DATA SECTION:
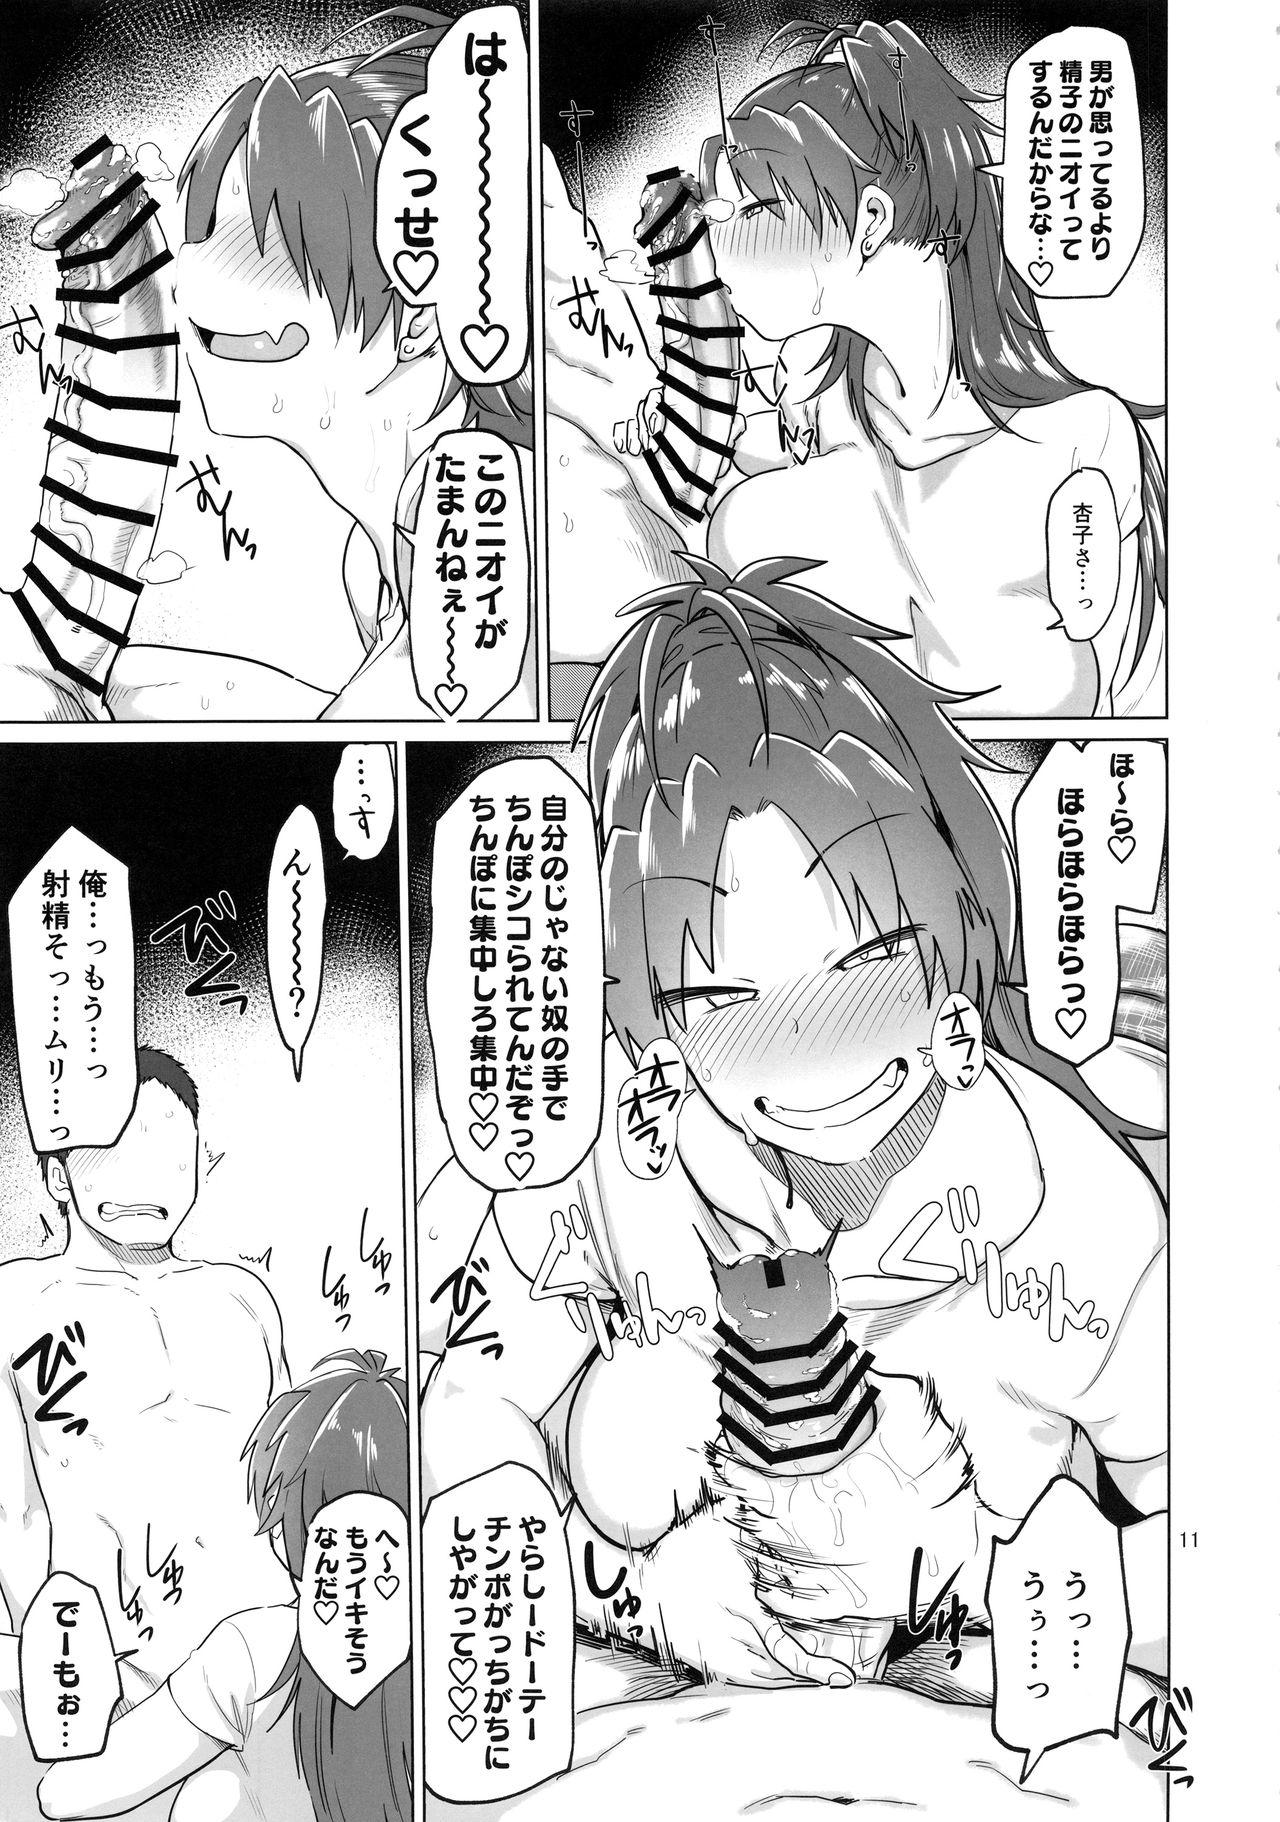 Buttfucking Otonari no... Moto Sakura-san - Puella magi madoka magica Made - Page 11
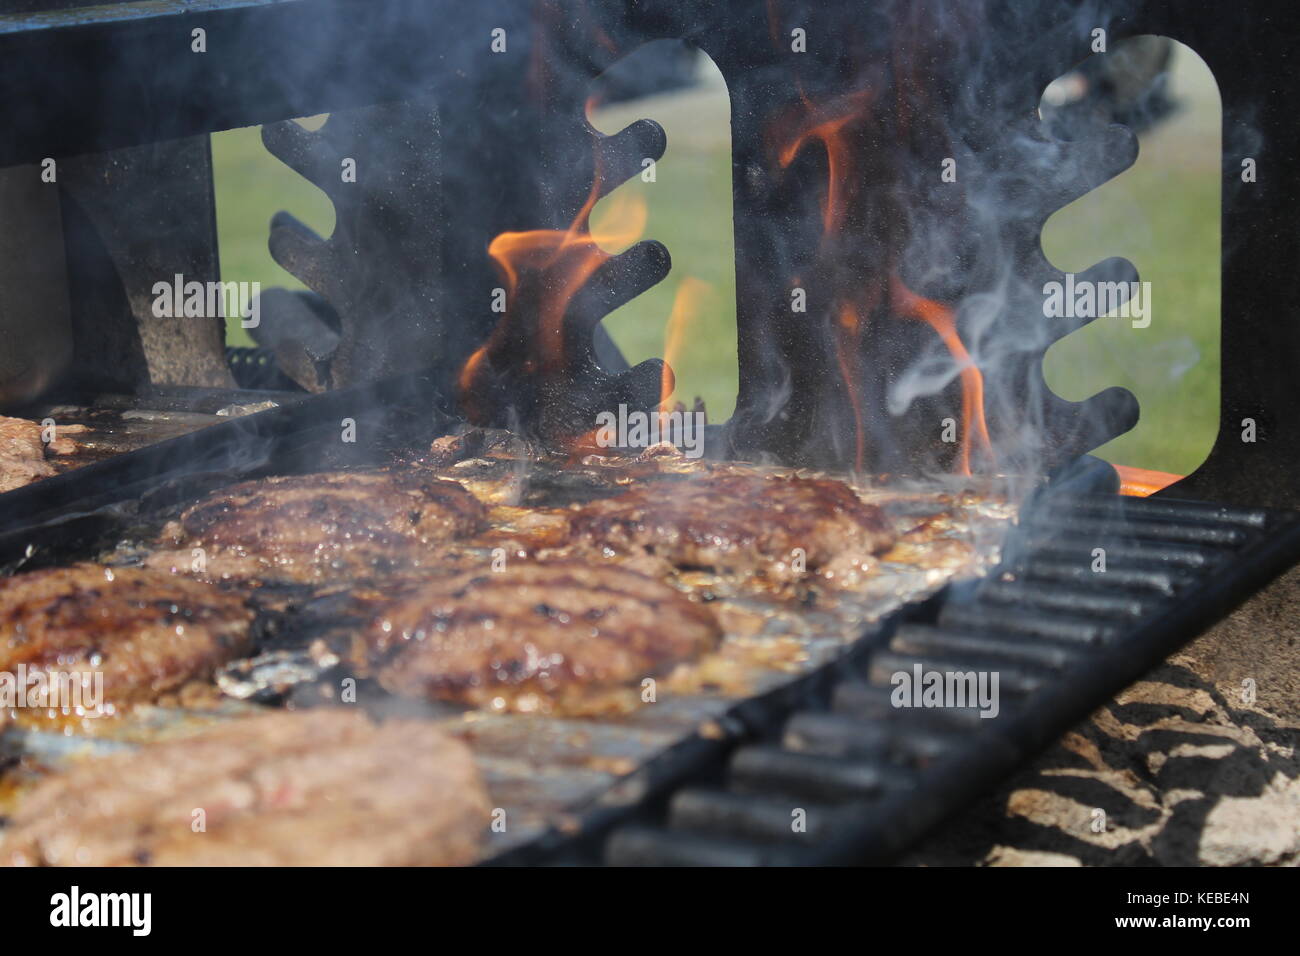 https://c8.alamy.com/comp/KEBE4N/summer-grill-cookout-KEBE4N.jpg
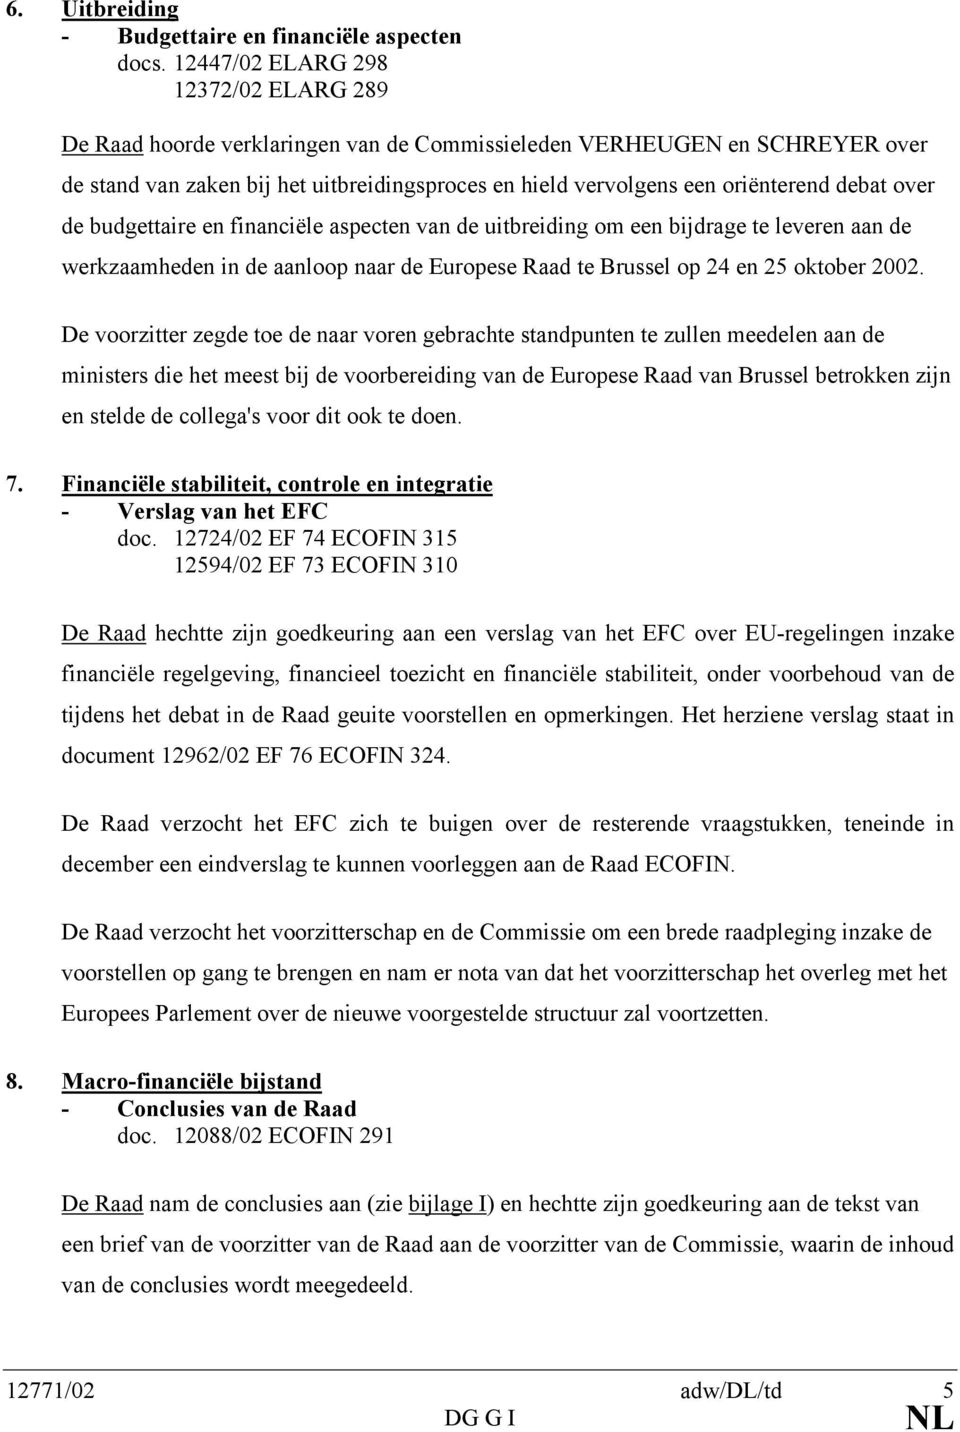 debat over de budgettaire en financiële aspecten van de uitbreiding om een bijdrage te leveren aan de werkzaamheden in de aanloop naar de Europese Raad te Brussel op 24 en 25 oktober 2002.
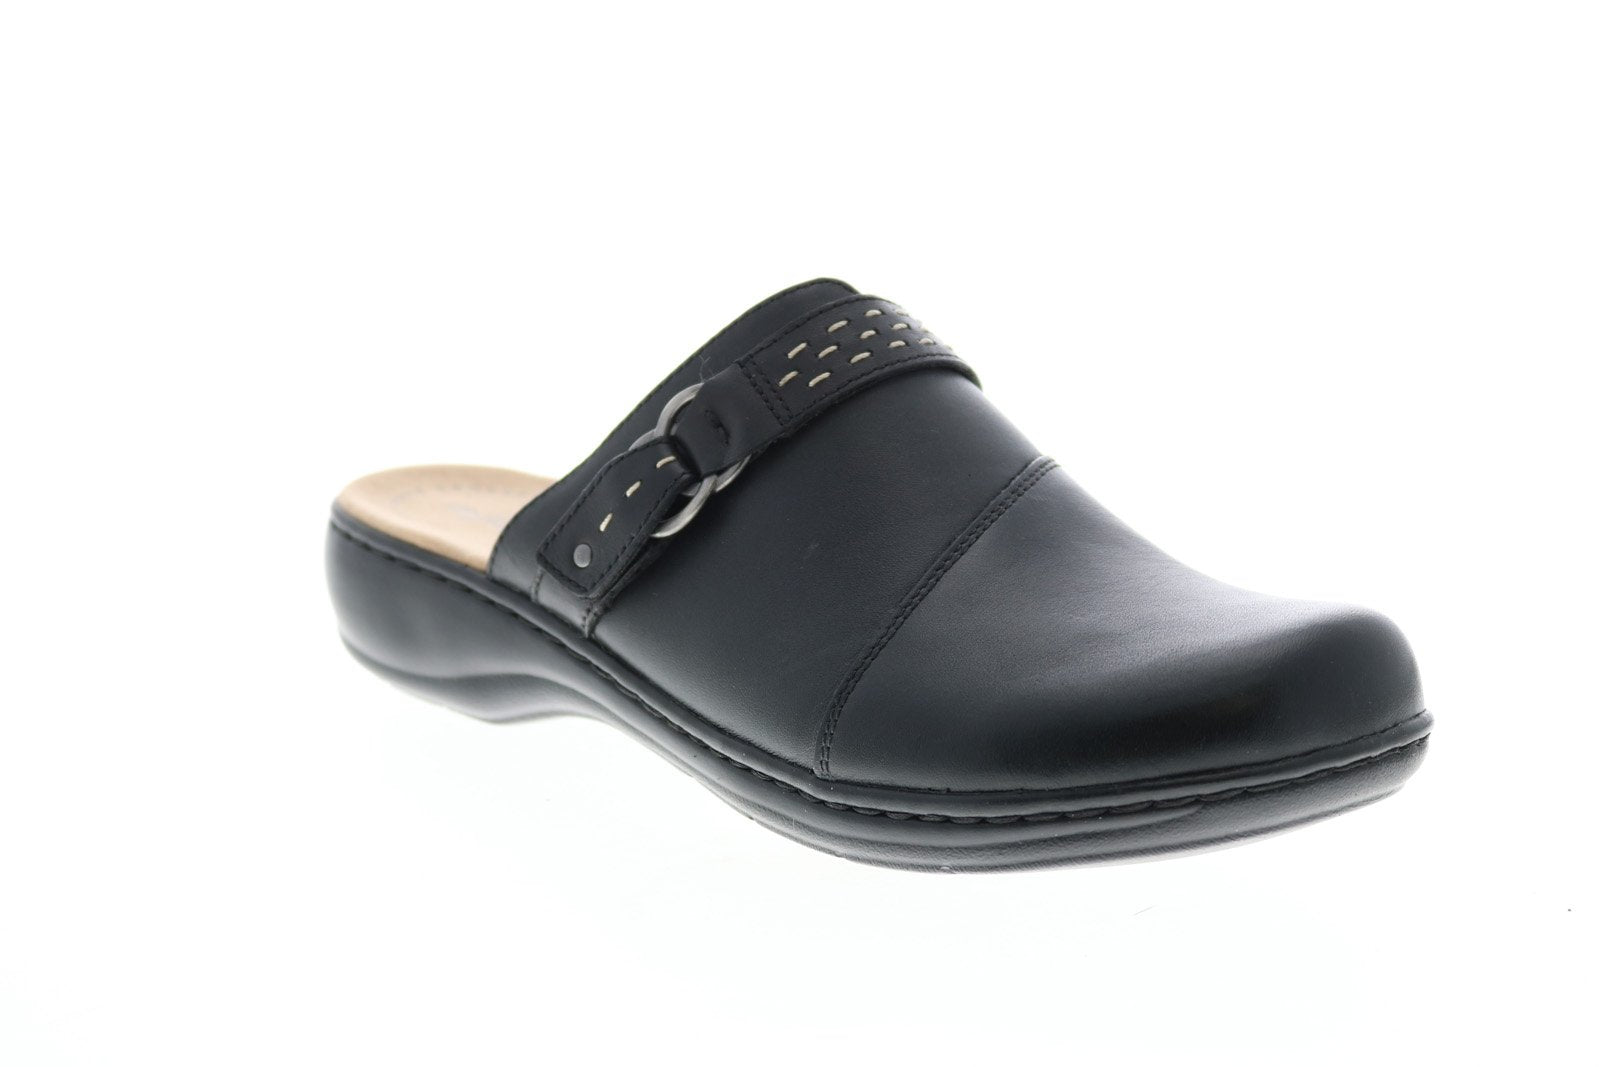 Clarks Leisa Sadie Leather 26128995 Womens Black Flip-Flops Sandals Sh ...

WORK ITEM: Transcribe all the data word for word; the images stay out.

FINISHED EXERCISE:
 Buttfucking Otonari no... Moto Sakura-san - Puella magi madoka magica Made - Page 11
 https://c8.alamy.com/comp/KEBE4N/summer-grill-cookout-KEBE4N.jpg
 debat over de budgettaire en financiële aspecten van de uitbreiding om een bijdrage te leveren aan de werkzaamheden in de aanloop naar de Europese Raad te Brussel op 24 en 25 oktober 2002.
 Clarks Leisa Sadie Leather 26128995 Womens Black Flip-Flops Sandals Sh ...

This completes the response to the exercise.